Repeat every line of the data exactly, but not the pictures.

═════ Collected data ═════

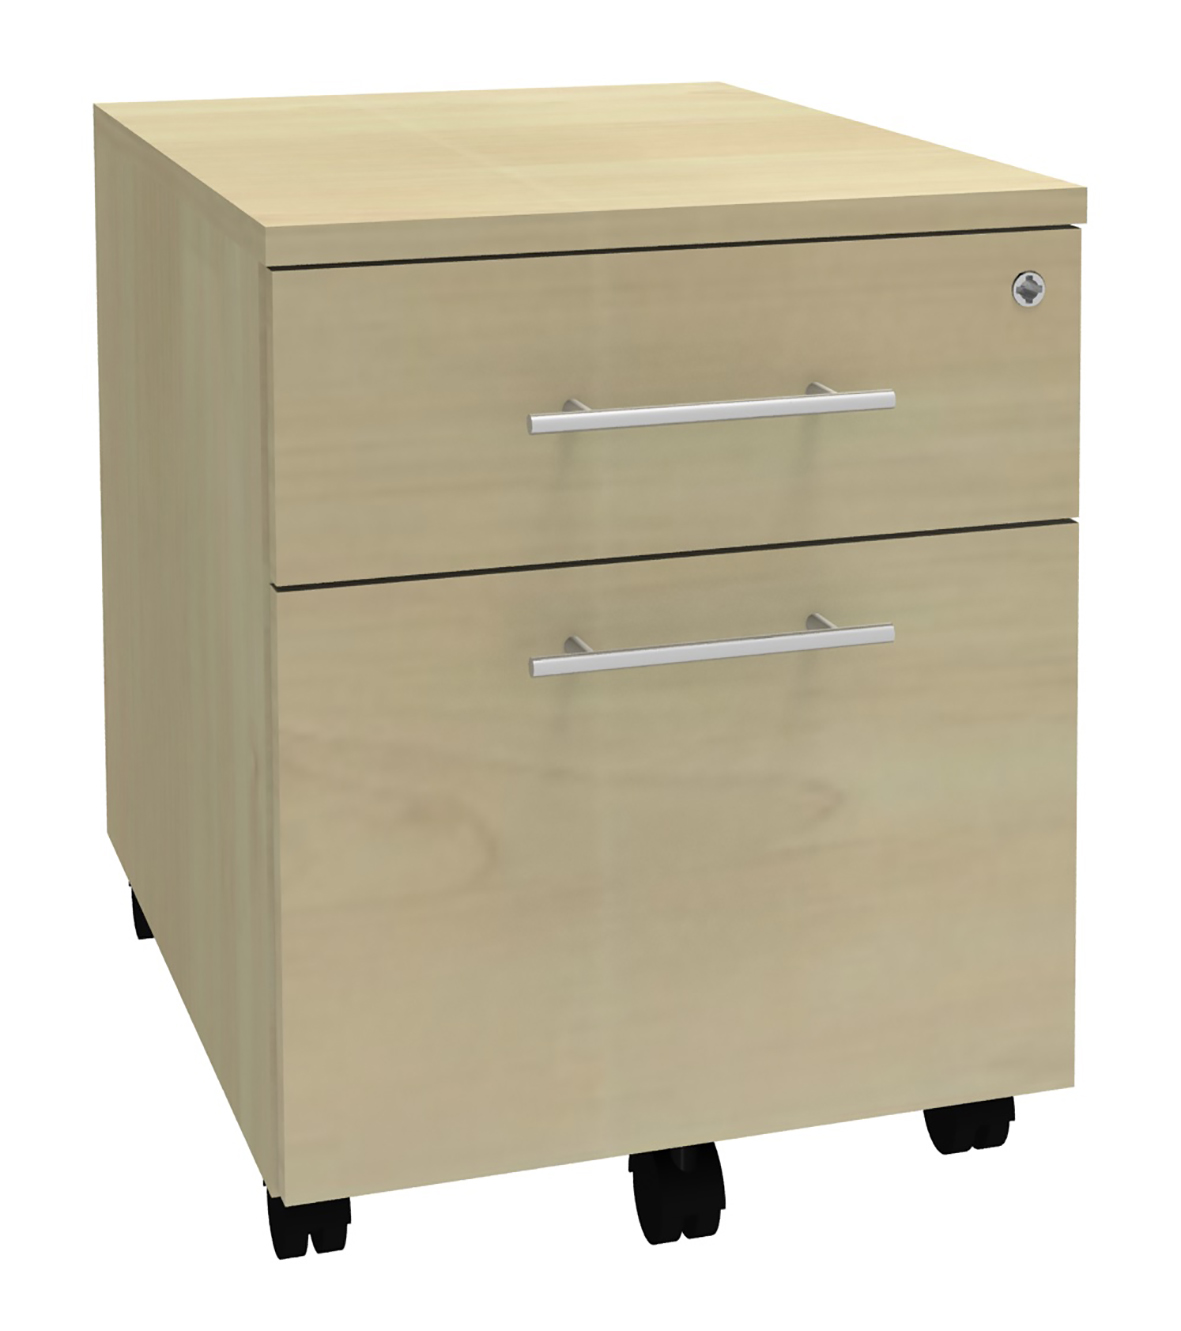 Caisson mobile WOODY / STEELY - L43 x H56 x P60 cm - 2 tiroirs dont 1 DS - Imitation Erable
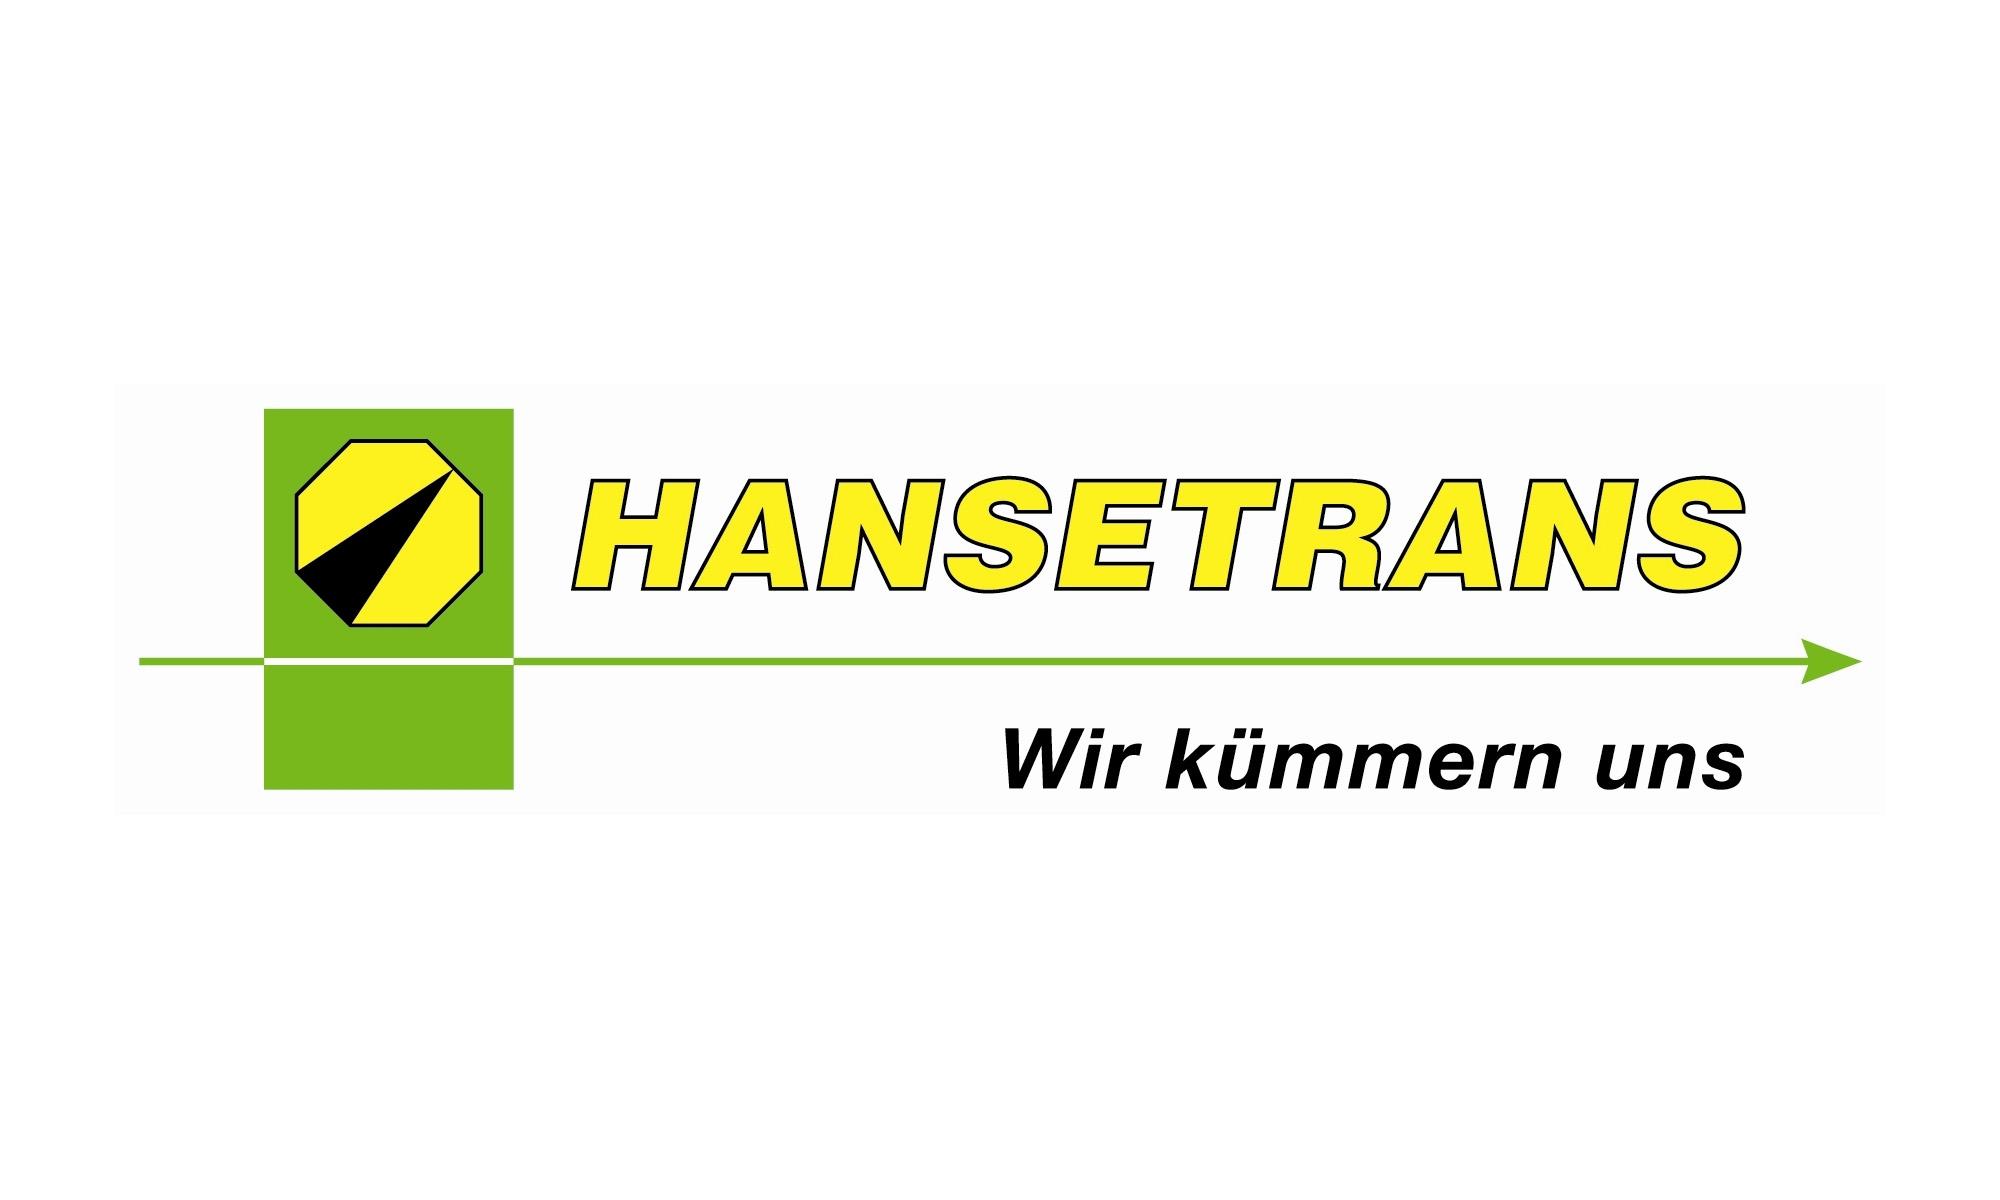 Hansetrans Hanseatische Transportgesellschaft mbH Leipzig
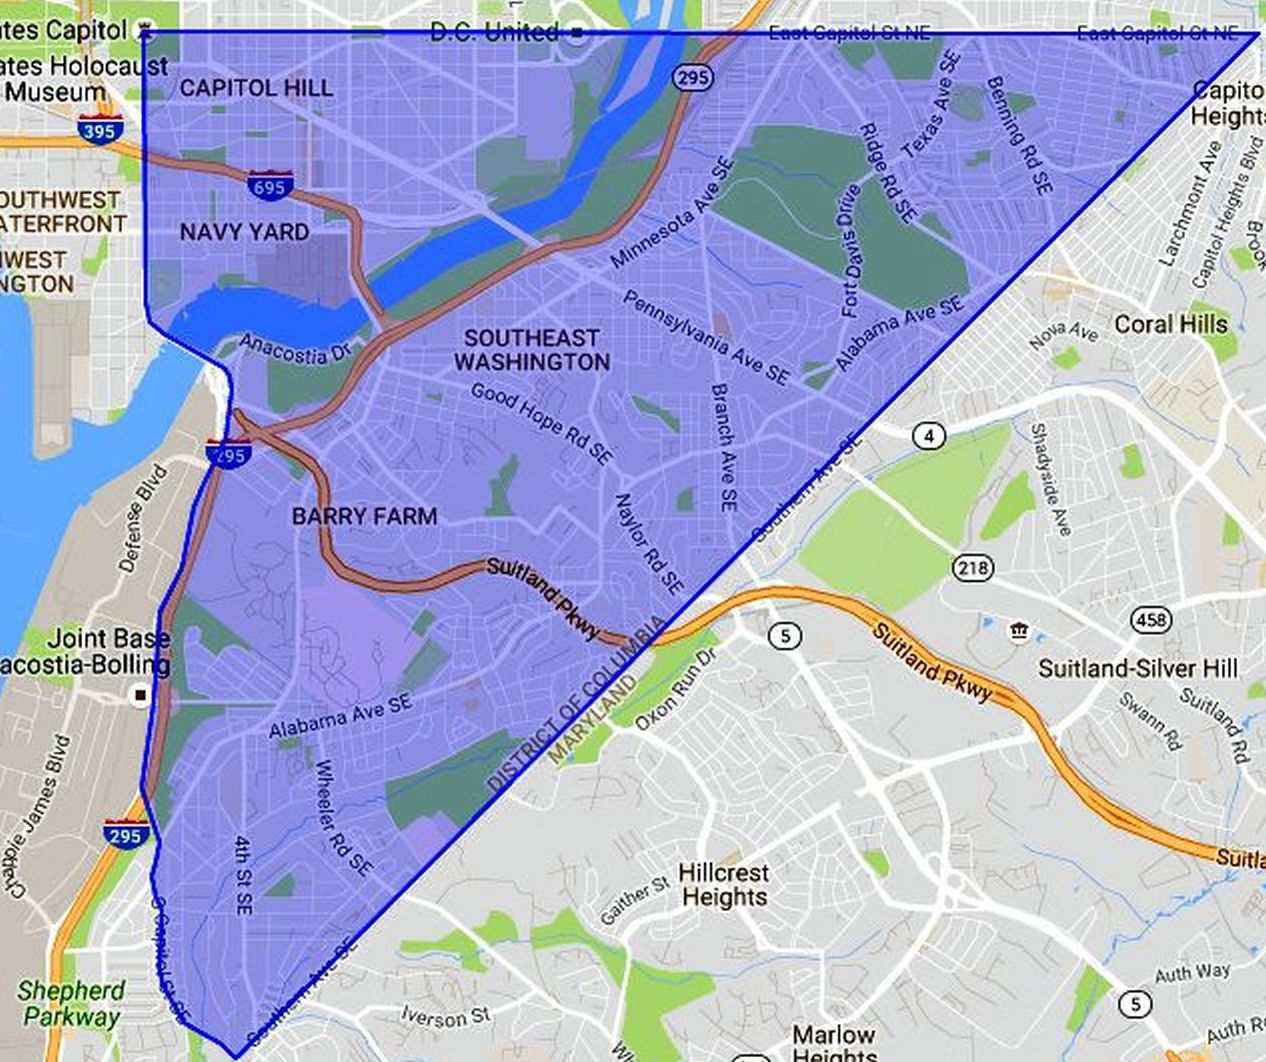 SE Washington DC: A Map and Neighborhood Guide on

═════

Solution to this exercise ::
 Caisson mobile WOODY / STEELY - L43 x H56 x P60 cm - 2 tiroirs dont 1 DS - Imitation Erable
 Hansetrans Hanseatische Transportgesellschaft mbH Leipzig
 SE Washington DC: A Map and Neighborhood Guide on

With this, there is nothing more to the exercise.